# [SOLVED] Win7 unable to ping WinXP



## SorcererStone (Oct 17, 2010)

Hello All,
My Win7 laptop was unable to ping another WinXP within the same network. When I first got this Win7 laptop, I experienced this problem. The WinXP laptop has no problem pinging the Win7 system. A visiting friend changed the setting on the Win7 laptop and suddenly the two laptops were able to talk to each other. I wiped the WinXP laptop a few weeks ago. Since then, the Win7 laptop is again unable to ping the WinXP. I have googled for many hours now. I tried just about all the methods that make sense to me but still cannot ping from Win7 to WinXP. Would someone be kind enough to show me a link or inform me how I can reestablish communication between these 2 systems on the same network?
Thanks in advance.


----------



## 2xg (Aug 5, 2009)

*Re: Win7 unable to ping WinXP*

Hello,

If you have any Firewall or Security Software installed please disable it for now on both computers.

Verify that Netbios is enabled in XP.
Windows XP Network Troubleshooting

File and Printer Sharing for Windows 7 and XP. 
Share Files and Printers between Windows 7 and XP - How-To Geek


----------



## SorcererStone (Oct 17, 2010)

*Re: Win7 unable to ping WinXP*

Thank you 2xg. 

Your suggestions work (almost). 

The File & Printer Sharing settings on Win7 system are the same as your link. Then I had firewall turned off. I followed the instructions to turn on Netbios in XP. Now I can ping successfully from Win7 to WinXP. (Never had any problem when ping from WinXP to Win7)

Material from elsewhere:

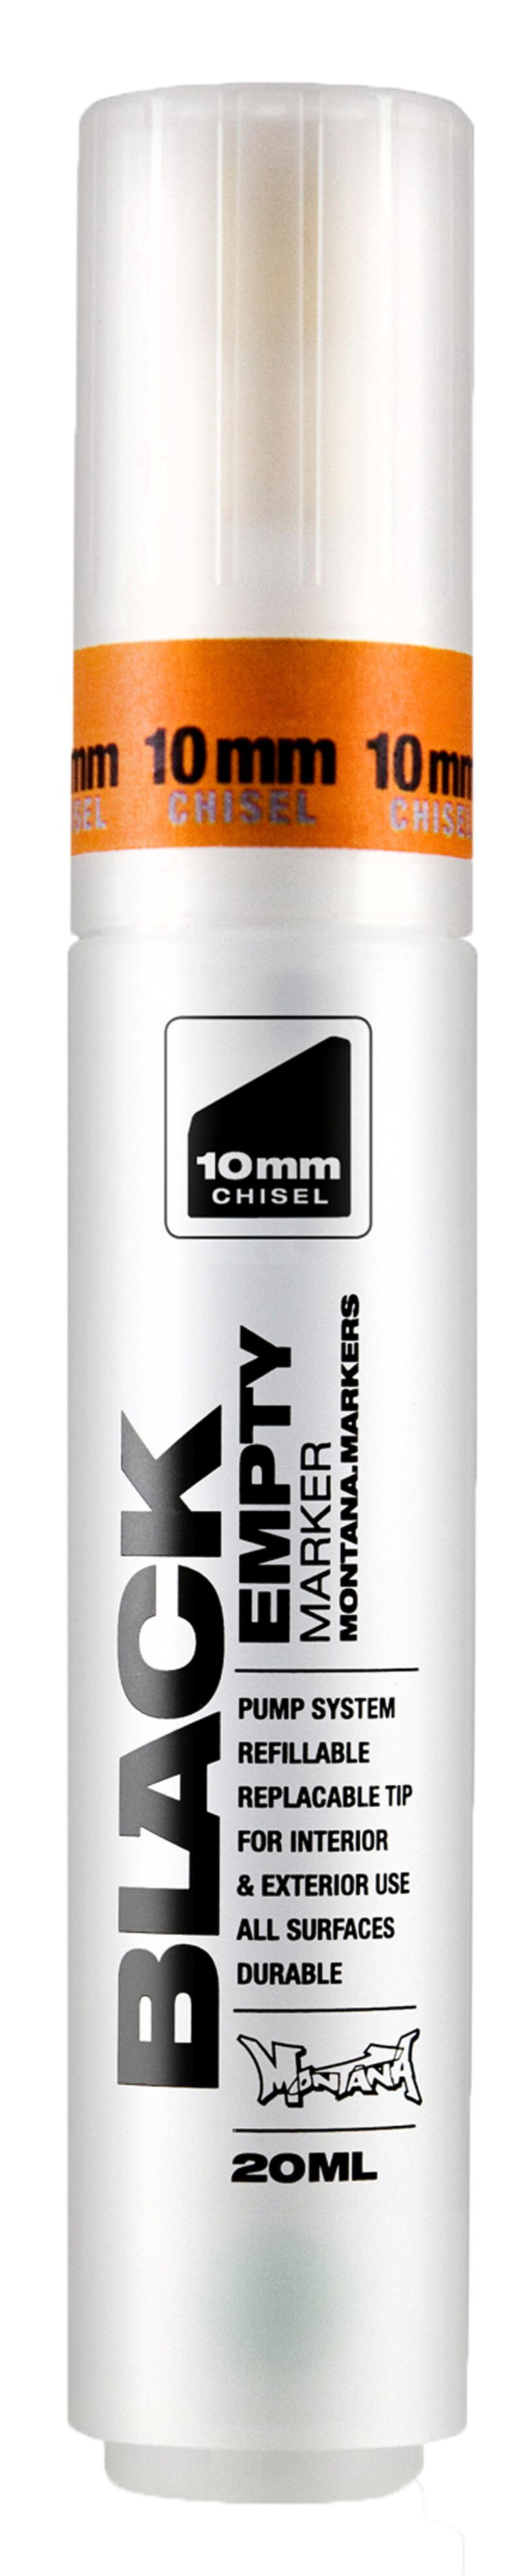 Black 10 mm Chisel

I restarted the firewall on Win7. I can ping WinXP. However, when I restarted the firewall on WinXP, Win7 cannot ping WinXP. 
How do I overcome this firewall problem on WinXP? Should I changed some settings for Services or ICMP on the Windows Firewall->Advanced->Local Area Connection page in WinXP?
Ultimately, I would like the firewall enable on WinXP and still be able to communicate with Win7 system.

Also, before I reinstalled the WinXP OS on the laptop, I was able to share files and folders between these 2 laptops. The File & Printer Sharing Settings for Win7 are the same as what your link has suggested. But when I clicked on my WinXP on Win7 (even with the firewalls turned off), on the Win7 system it said "Windows cannot access \\MyWinXP" where MyWInXP is the name of my XP system. Can you offer any advise?
Thanks in advance.


----------



## 2xg (Aug 5, 2009)

*Re: Win7 unable to ping WinXP*

You may exclude Files and Printer sharing when Windows Firewall is enabled.

From Control Panel=> Windows Firewall=> Exceptions Tab, enable Files and Printer sharing.


----------



## SorcererStone (Oct 17, 2010)

*Re: Win7 unable to ping WinXP*

Hello 2xg
All is well. Issue resolved. THANK YOU THANK YOU!!!


----------



## 2xg (Aug 5, 2009)

*Re: Win7 unable to ping WinXP*

Awesome News! 

Thank you too for following all the directions very well.


SorcererStone said:


> Hello 2xg
> All is well. Issue resolved. THANK YOU THANK YOU!!!


You're quite Welcome.


----------